Tuesday, 19 October 2010

I am my favourite horse


It recently dawned on me that I am nobody's favourite person. I was having a bit of a ponder about flying wall ducks and the stiffness of measuring tapes when it popped into my head. I am nobody's favourite person. I don't mean that everybody hates me, only that everybody I know has at least one person who rates higher than me in their invisible rating scale of people, like their long-standing grew-up-together-best-friend or a boyfriend or wife, or the undying object of their unrequited love.

I am no more a workhorse.

Five seconds after coming to that conclusion I felt immensely pleased. I have discovered a new kind of freedom. So far I have used this freedom to leave parties without saying goodbye, not reply immediately to missed calls, text messages or email and importantly to not bother about including people in my plans. If there is not one person out there who will be especially hurt to not be said farewell to or invited to the art gallery, movie, cafe, bookshop, picnic, graveyard, Peach Deck or ferry ride then I needn't be bothered wasting time thinking about other people when I make plans. I can do whatever I like, whenever I like and not have to answer to anyone. Spencer will tell me I'm being a fuckwit if I start running around being deliberately rude, but his scale of rude is quite different from mine to begin with. What I would consider quite rude indeed he wouldn't even consider.

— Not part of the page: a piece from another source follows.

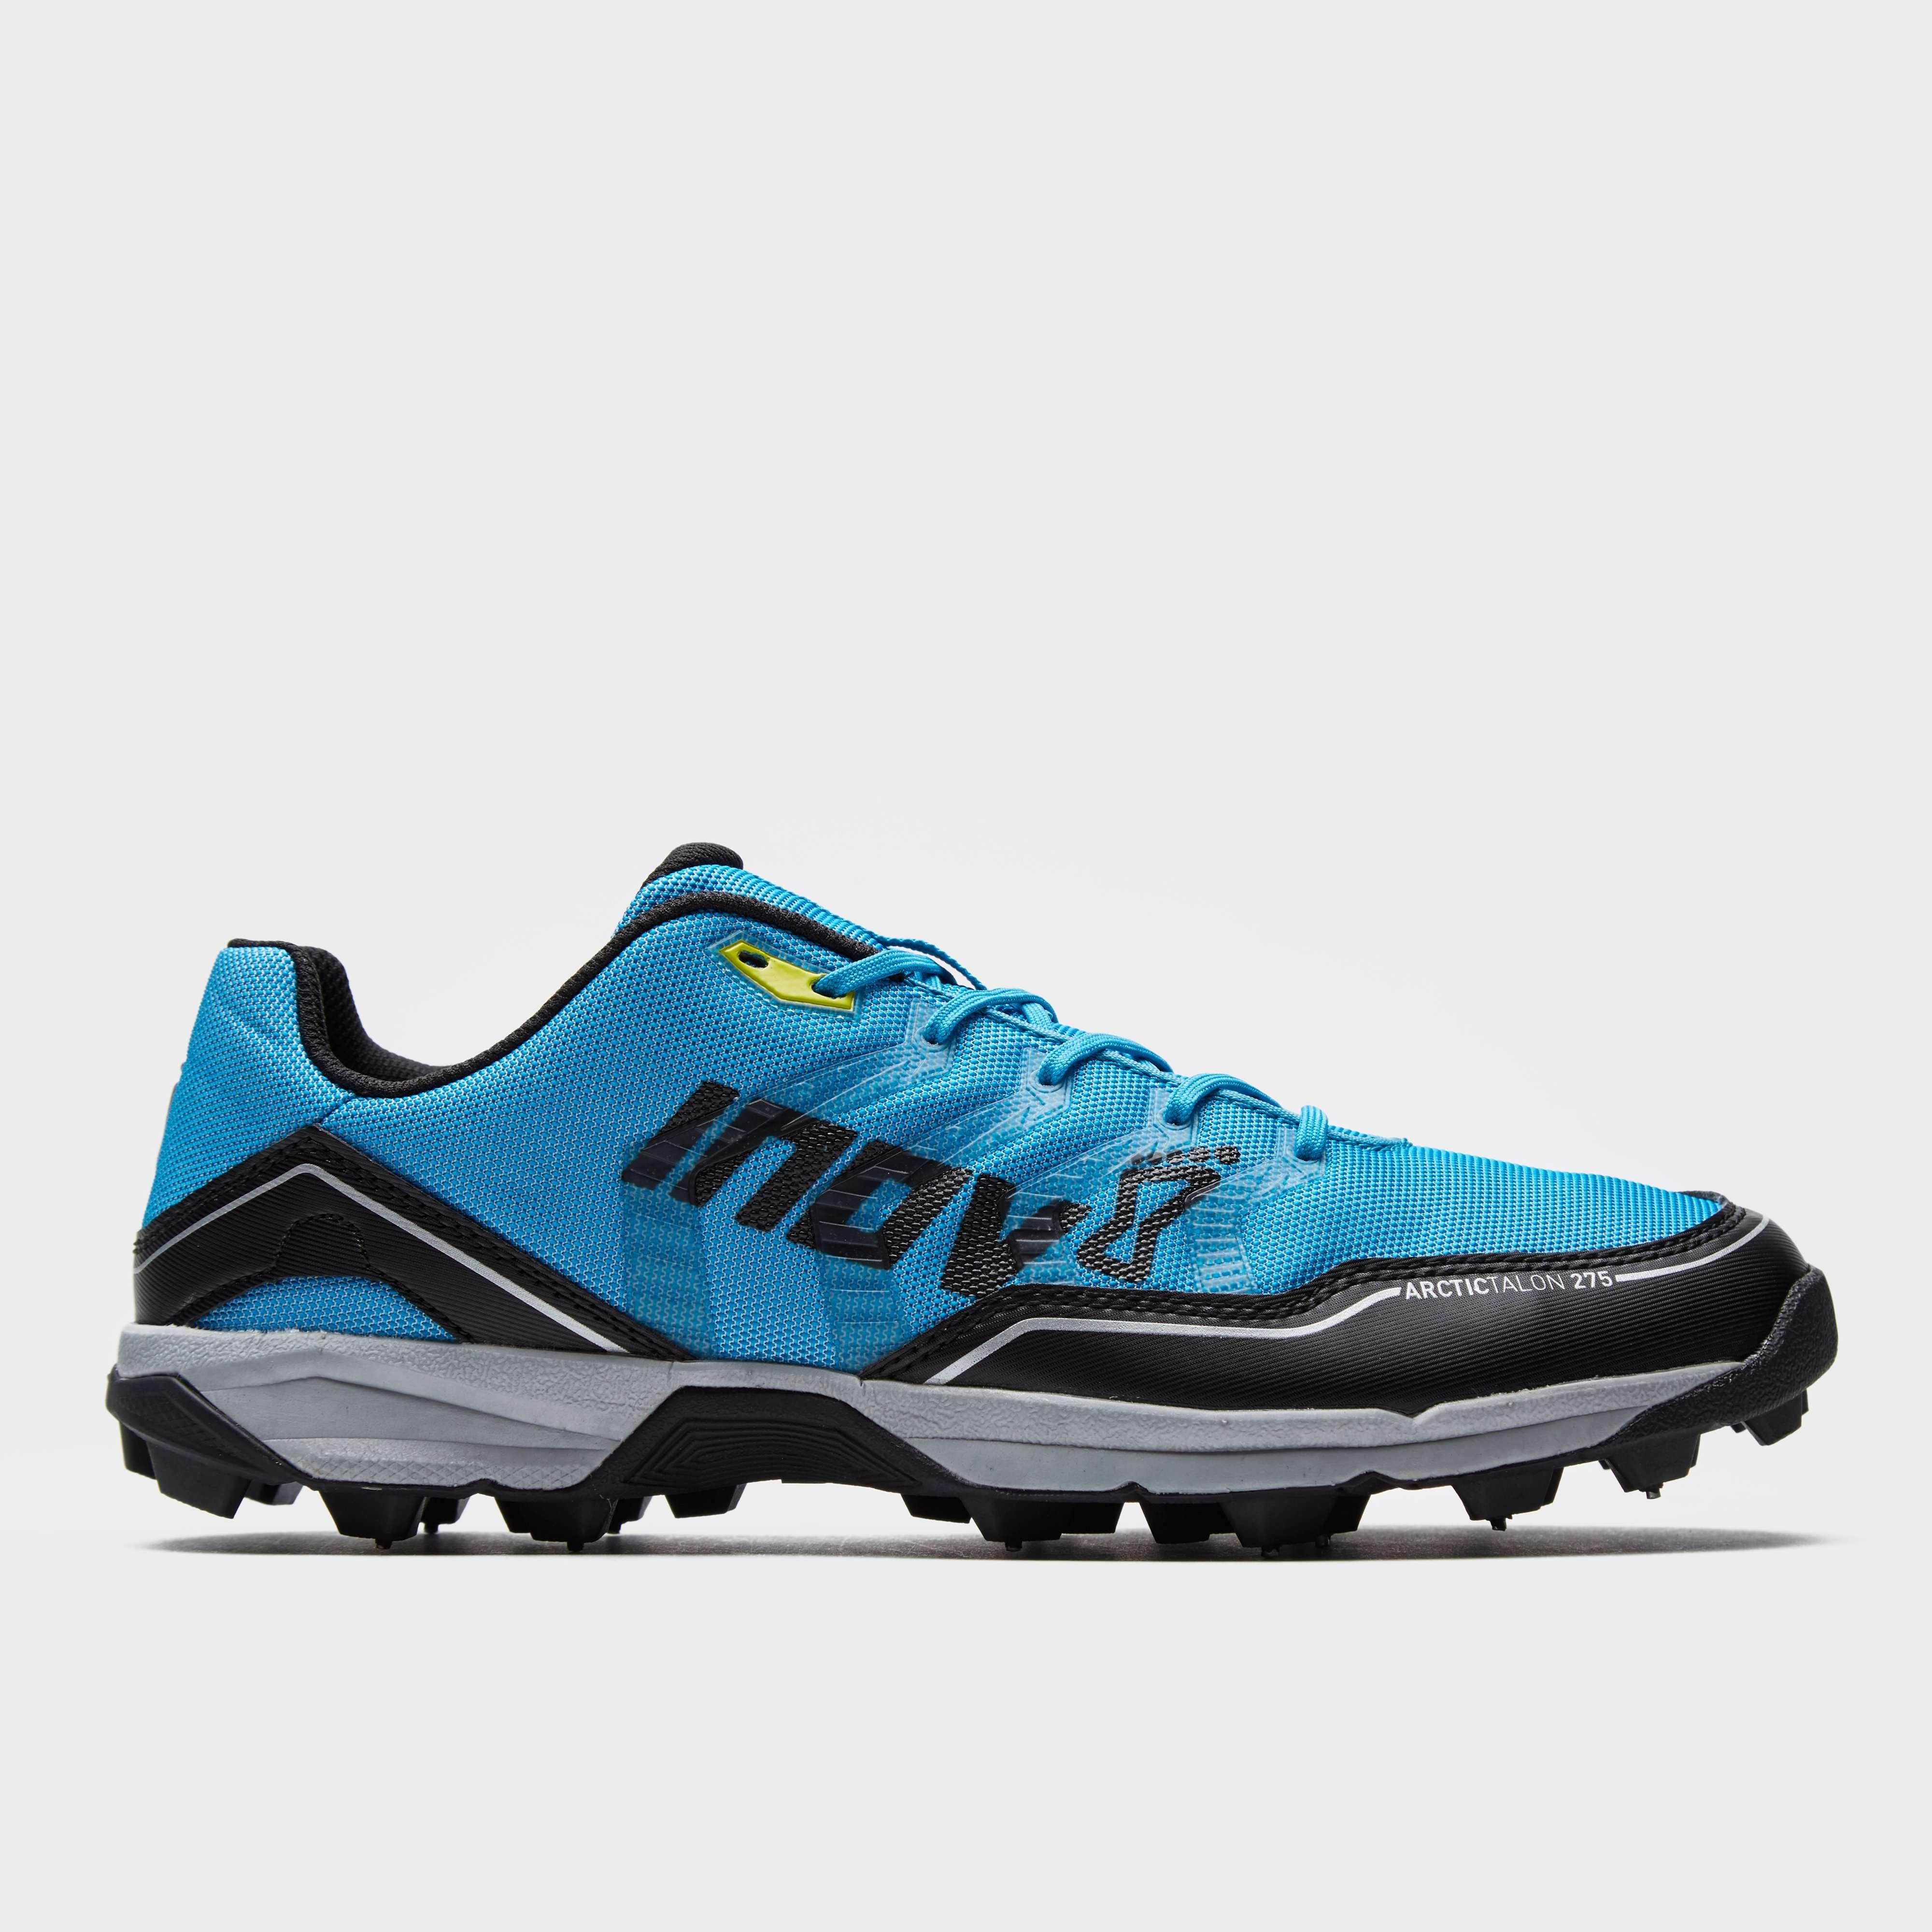 INOV-8 Men's Arctic Talon 275 Running Shoes

When there is someone, I mean someone special, a first port of call on all matters large and small I have the luxury of a second opinion. That opinion can stretch across all facets of life, from what I am wearing to what I'm saying, eating, thinking, reading and most importantly, what I am writing. In cases like this I have acquired a constant reader.

I am a racing horse.

I despise a constant reader, one that feels like they need to comment on every single letter of the alphabet, wants to know if I was talking about them, wants to know if this is really what I mean to say. It is easy to be weighed down by a constant reader who wants to act as a second head, no neck was built to withstand that kind of strain. It's like holding a mirror so close to a dancer that it shatters with every point of a toe.

Don't go feeling sorry for me walking around being nobody's favourite person. I have no constant reader, no man burdened with mental illness tracking my every move, no person aching to call me to account for every minute I spend in silent reflection. No watchdog counting the relative merit of every spindle of thought. I have the freedom to fail, flail or spend the whole day writing without interruption. I can cancel any obligation without guilt, I can stay away for days or curl into the arms of a good idea. I am my favourite horse.

1 comment:

- Jerome said...

I know what you mean when you say how liberating it is not to be waited on. I'm trying to give my number ones more freedom, because I know it's in my nature to be overbearing.

I think it's easy for people to be incredibly clingy to the people they love. I know that I am, and have always been so. Life is fragile and the people I love are too precious to even sometimes stand loving them. It's not as though I could stop a lightning bolt when it'll fall out of the sky on them, but being overly possessive of them somehow keeps doom that few steps further away. And pretty soon my number ones loose that vital liberty.

I've often contemplated how better to handle this. I feel much better knowing where they are at and that they are safe. This ofc leads to them resenting me for my obvious lack of trust and breaks down relations. Now I've come to realise things I have definitely backed off. All I have to do is balance my genuine feelings of unease with my joy for their new found liberty.

This is the paradox of caring for people. I want everyone, all the ones and certainly all the twos, and even a good 30% of the threes as well to be perfectly safe and happy. Life just doesn't play by any rules or such and seems to keep tearing people away regardless of our attachments. I guess it's not meant to be any way else.

I'm thankful for twos. Ones take too much out of me, and I know I take too much out of them. One can only have a few ones. I'll probably be much more content in a world of twos, and totally at peace if I was only ever a three or even four or so for everyone that ever knew me.

It works both ways and it would be nice to have a better grasp on how much we actually mean to other people. That breathing space between a one and a two is vital but rarely fair.

I guess there is a constant flux between caring and consuming, devoting and devouring. I'm guilty of them all.